O EFEITO das contratações do setor público não foi detectado pelo registro mais conhecido dos empregos formais do País, o Cadastro Geral de Empregados e Desempregados (Caged) do Ministério do Trabalho e do Emprego (MTE). Esse cadastro leva em conta apenas as contratações pelo regime da Consolidação das Leis do Trabalho (CLT), não as admissões pelo regime estatutário dos funcionários públicos, predominantes na área pública. Assim, o Caged registrou apenas 18 mil novos empregos no setor público em 2009. Já a Relação Anual de Informações Sociais (Rais) é mais completa - a de 2009 foi divulgada há pouco, e foi nela que se baseou o estudo.

ENTRE os casos extremos está o do Estado de Roraima, onde, no ano passado, o total de funcionários públicos (federais, estaduais e municipais) foi duplicado. Até Janeiro de 2009, havia no Estado 19,8 mil funcionários públicos; ao longo do ano, foram contratados nada menos de 20,1 mil novos servidores, o que elevou o total para praticamente 40 mil.

É DIFÍCIL justificar o crescimento da folha de pagamentos do setor público como medida anticíclica, adotada para conter os efeitos negativos da crise econômica mundial sobre a economia brasileira. Embora discutíveis, por causa de seu caráter seletivo, as reduções tributárias oferecidas pelo governo ao longo de 2009, algumas das quais chegaram até este ano, podem ser classificadas como medidas anticíclicas, que são mantidas apenas durante um certo tempo.

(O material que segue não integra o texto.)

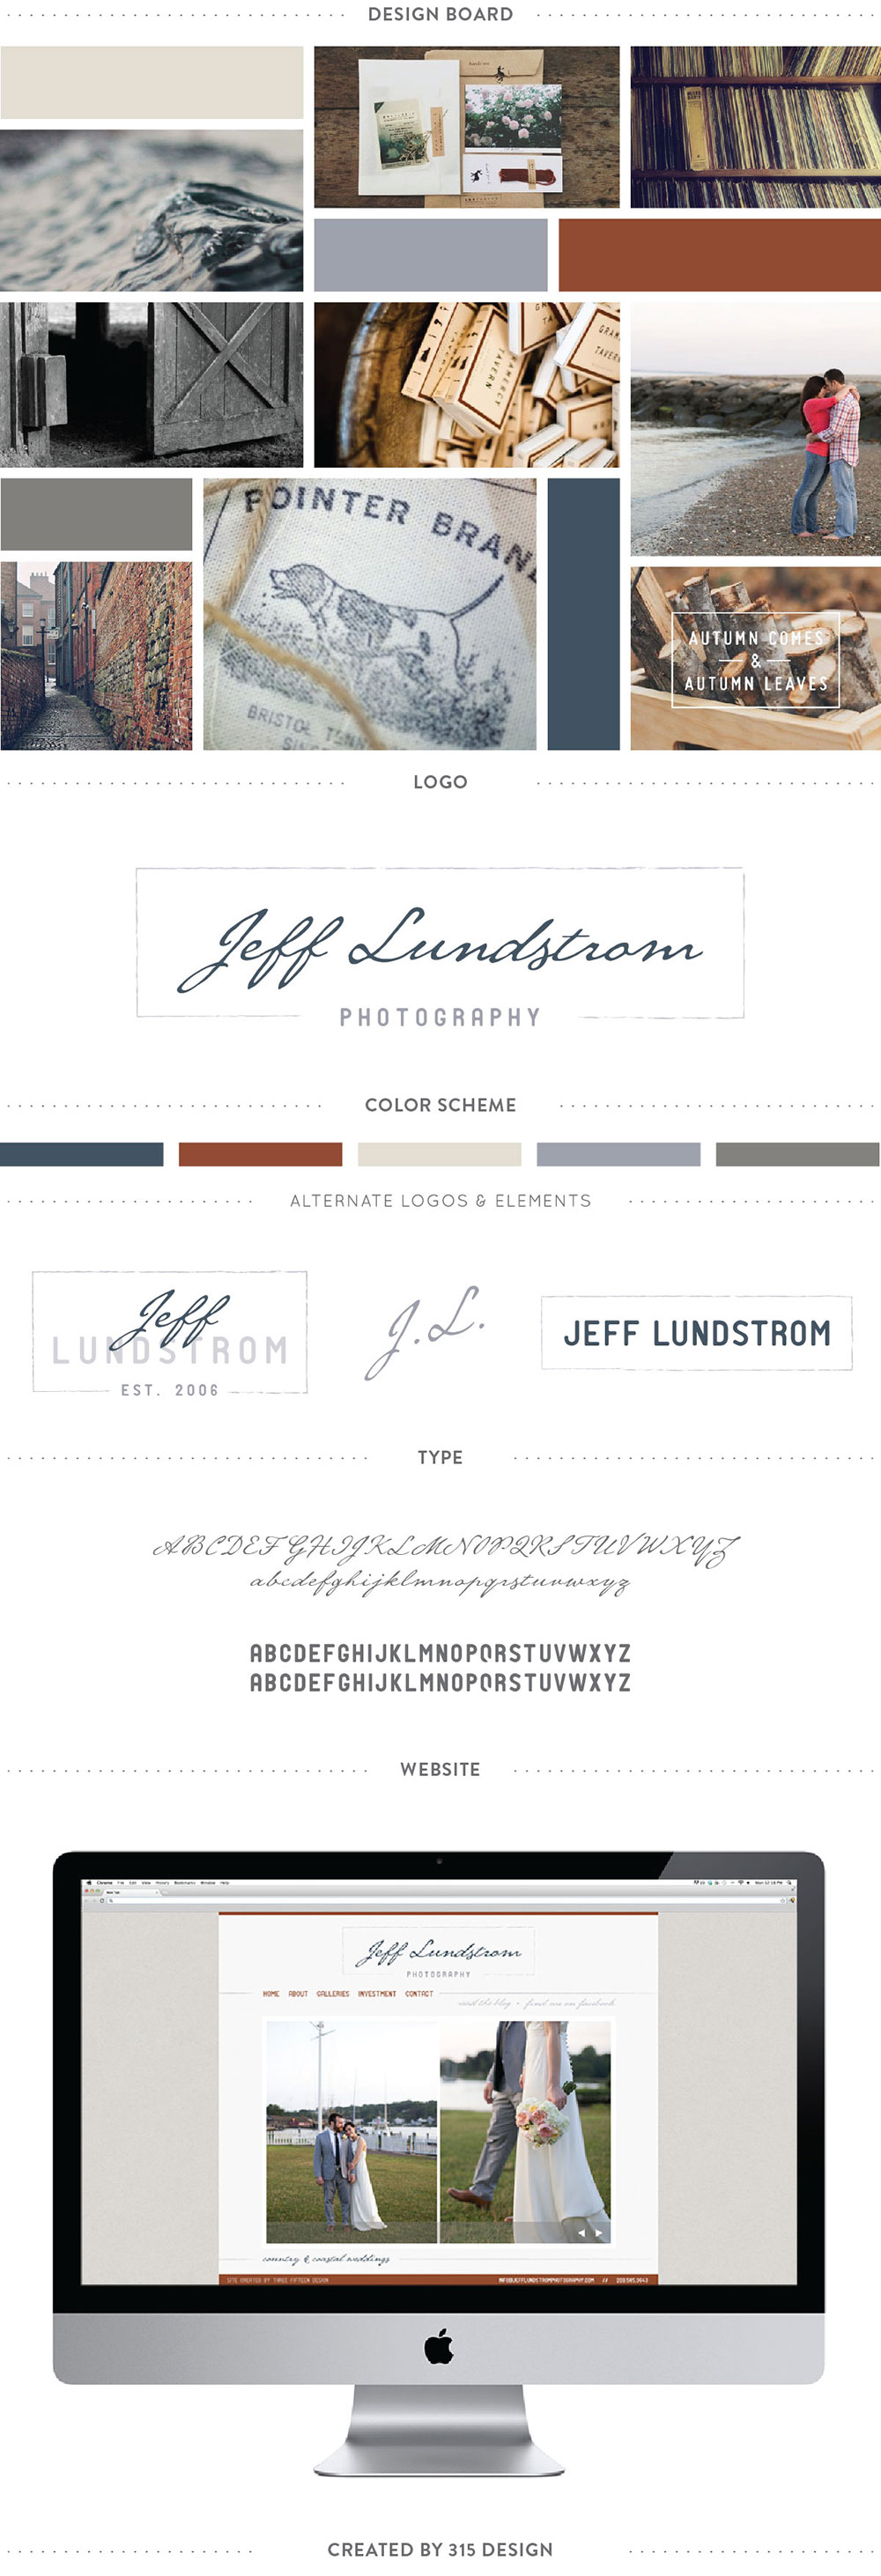 Jeff-Lundstrom-Logo-by-315-Design

A CONTRATAÇÃO de servidores públicos não é medida de efeito temporário. Ela produz gastos permanentes, que terão de ser cobertos pelos contribuintes. Ela significa, em resumo, o inchaço adicional e permanente da administração pública, que já é pesada, grande e cara demais. 

A PRECÁRIA situação das contas públicas tornará essa tarefa muito mais difícil. Esse trabalho ainda será prejudicado pela baixa qualidade gerencial do setor público - parte das bombas de efeito retardado deixadas por Luiz Inácio da Silva ao próximo governo.